At sea, heading to Lisbon, Portugal
Um, this may seem obvious but, have you tried NOT putting your underwear back on until after you've cleaned yourself off? This seems like a simple solution, really.
Also, if you're finding that there's too much friction, just use lubricant. Again, simple solution.
One more thing. I fail to see how your FI can feel neglected if he's getting sex every night. Is it specifically because he "has" to always ask for it? How long does he wait to ask each night before deciding that you're just never going to ask and he goes ahead and does it for you?
I always clean myself off right away before getting dressed but unfortunately everything doesn't come out immediately. So unless I am able to take a shower right after (which doesn't always happen if we have sex mid day or w.e), there is always some left-over that comes out a little later on.
Also, we have/do use lube. But I will admit not as much as we should. We do need to make a habit of it. So I guess it would be a simple solution.
I think the issue is the quality not the quantity, as I mentioned in my OP. It isn't an issue of how often we have sex since obviously we do it frequently. It is the fact that I don't initiate. Sometimes he will try and I'll say "later" and then he will wait for me to start up again later and I don't. Or sometimes he just wont try at all, which results in us usually not having sex. He just wants to feel that I want it as opposed to me doing it to please him. Which I understand.
I have the same thing happening to me! Just the fact that I never initiate it makes him think that I really don't want it. I've been on Ortho Evra for almost two years, but I have no idea what it's done to other girls sex drives. Like you, I'd rather just get off birth control all together - after being on it for six years I'm ready to not require the assistance of additional hormones to keep my body in check. I've found that if I can just get him to have an off day every now and then, I'm typically up for sex a couple of days later. But still, I never feel like initiating it. Darn BC!

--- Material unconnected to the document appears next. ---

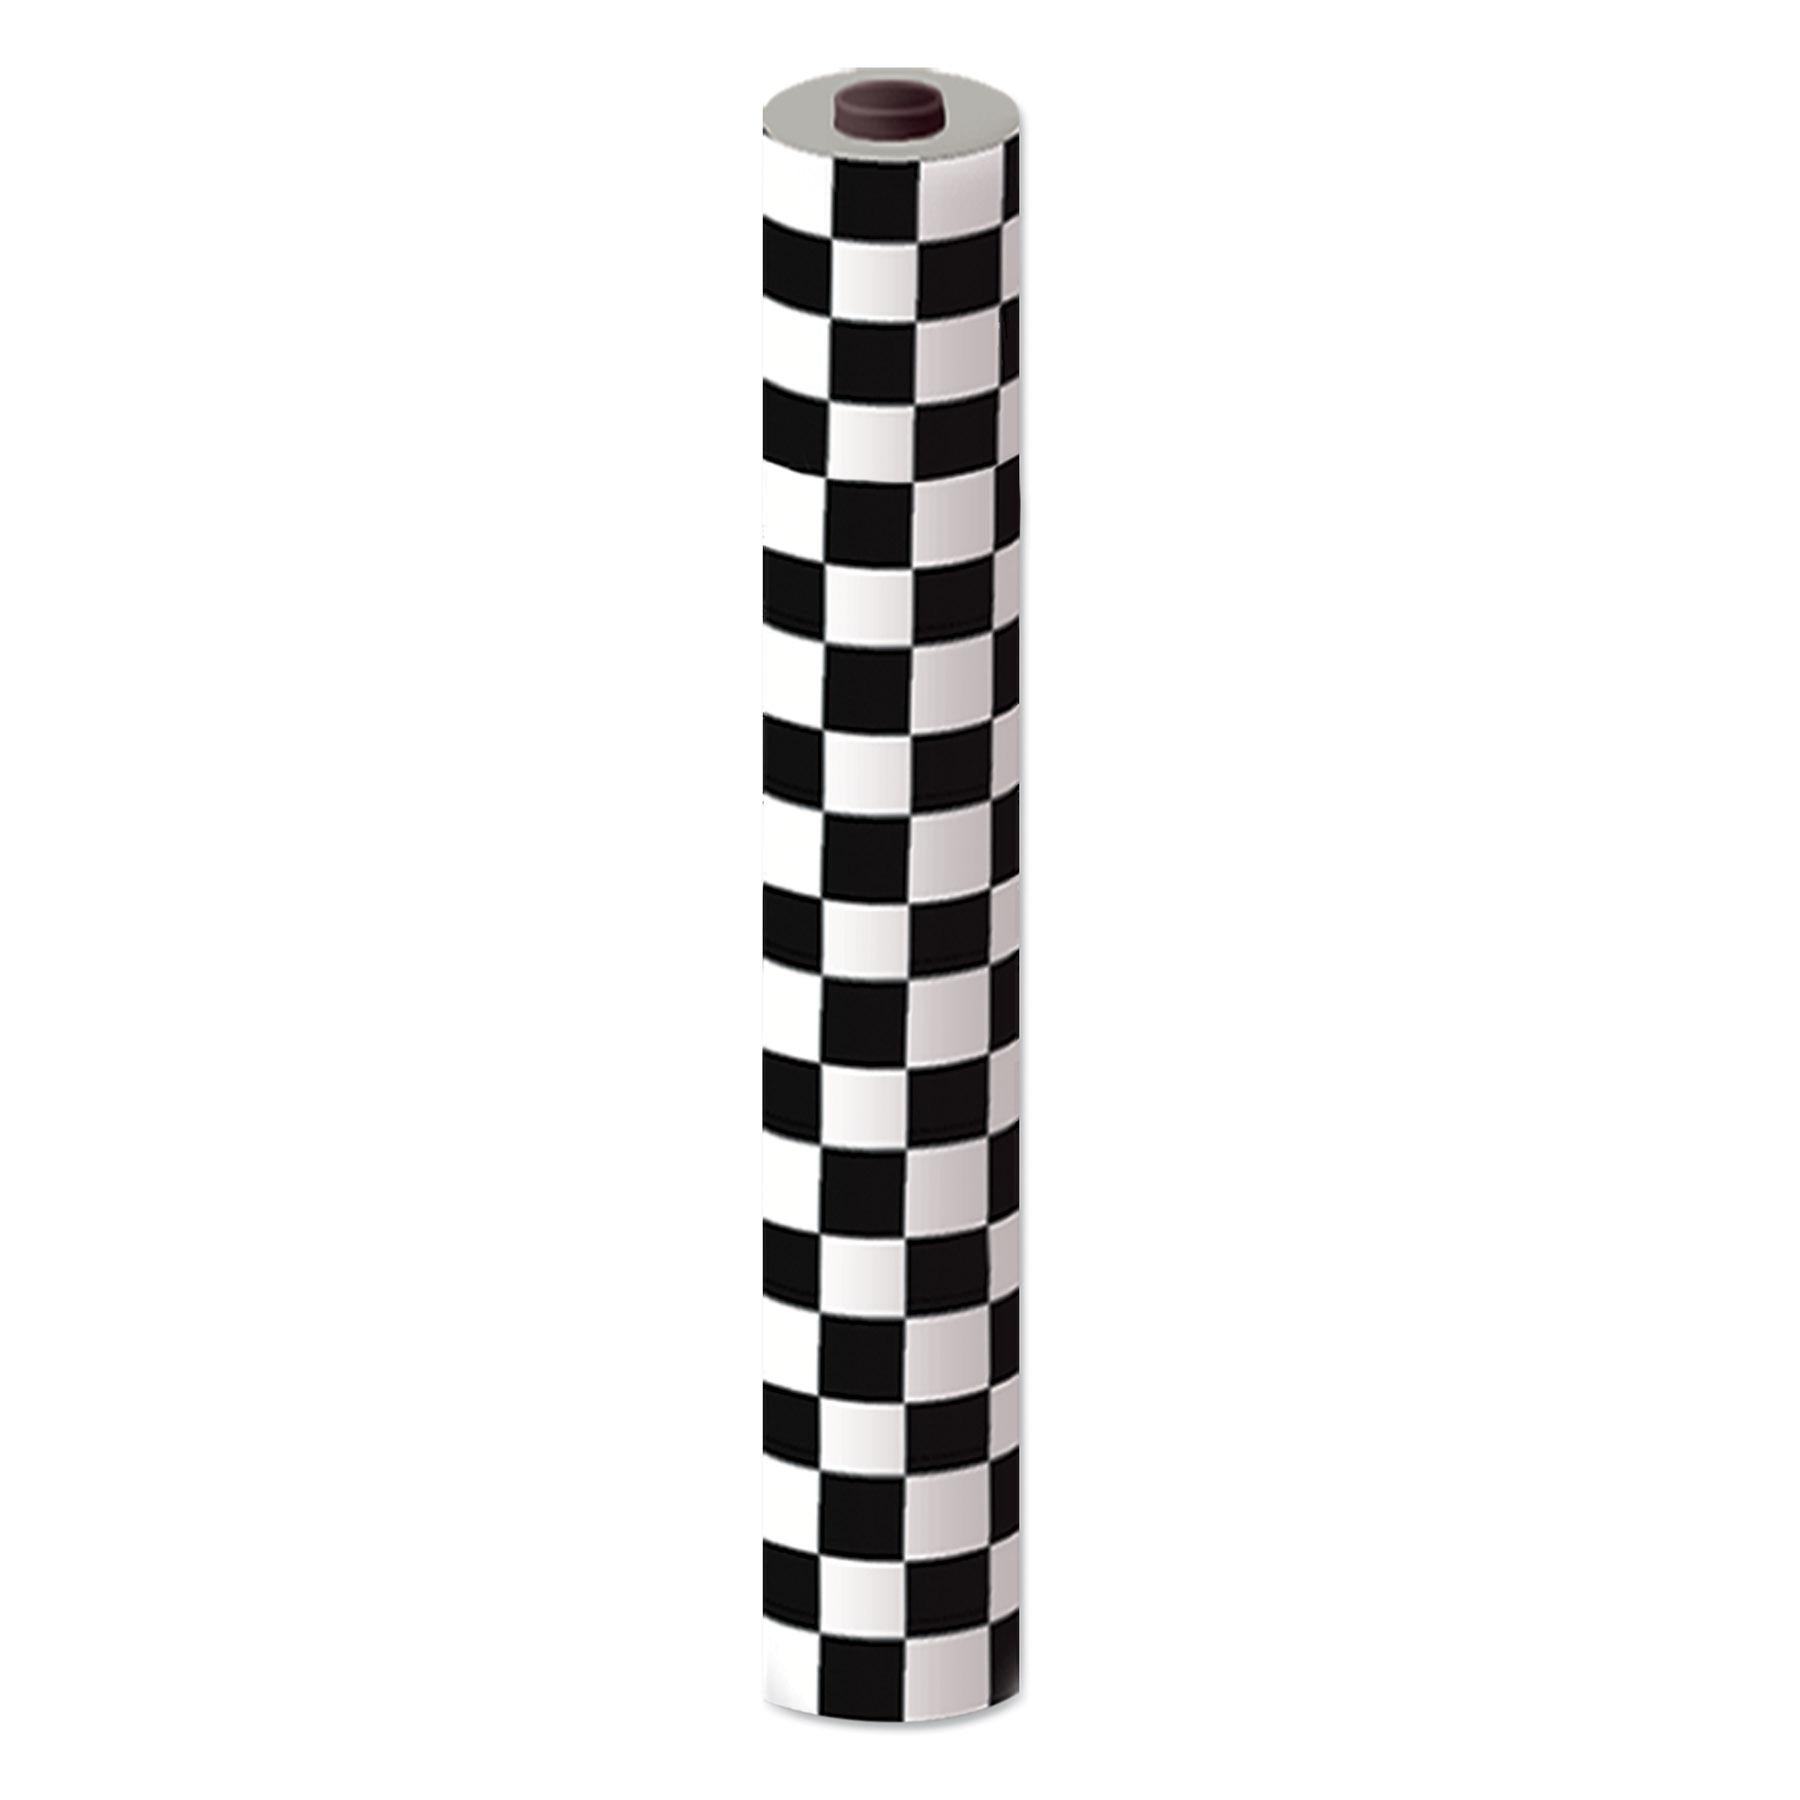 Beistle Black & White Plastic Checkered Party Table Roll

Okay, I think I can help you. First, cut back on the frequency with which you do the deed. If you're not both enjoying it, it's not worth doing. That may help take care of your "sex is a hassle" feeling.
Next, invest in some panty liners! Not the heavy-duty kind that you use for aunt flow, but the light-weight kind that they make for occasional inconteinence. This will help you find peace of mind after the deed, which will make it easier to enjoy the deed next time.
Third, you need to use bottled lube if you're having trouble making your own natural lube. Having sex without it causes pain like you say, but this also causes an association in your brain between sex and pain. Guess what? That association will make it harder for you to get aroused the next time, thereby leading to more pain. It's a vicious cycle. I know, I've been there.
Make these changes and if you're still having trouble, see your GYN. GL!
If you are on BCP, it might be drying you out which might cause the chafing. Make sure you're really warmed up, and then definitely use lube. Just keep it handy on a bedside table or something so you can get it as quickly as possible. Also, if you start to feel uncomfortable once you're going for a while, you might want to stop for a sec and add more lube.
Also, couldn't he finish outside of you? I guess some guys don't like that, but if you have a towel right there next to you (used just for sex) you wouldn't have to deal with the mess, and you'd feel more comfortable with it. Or wear a pantiliner. One of the PPs is right though, you should go to the bathroom afterwards to prevent UTI's.
Good luck! Just keep talking about it and be open with each other.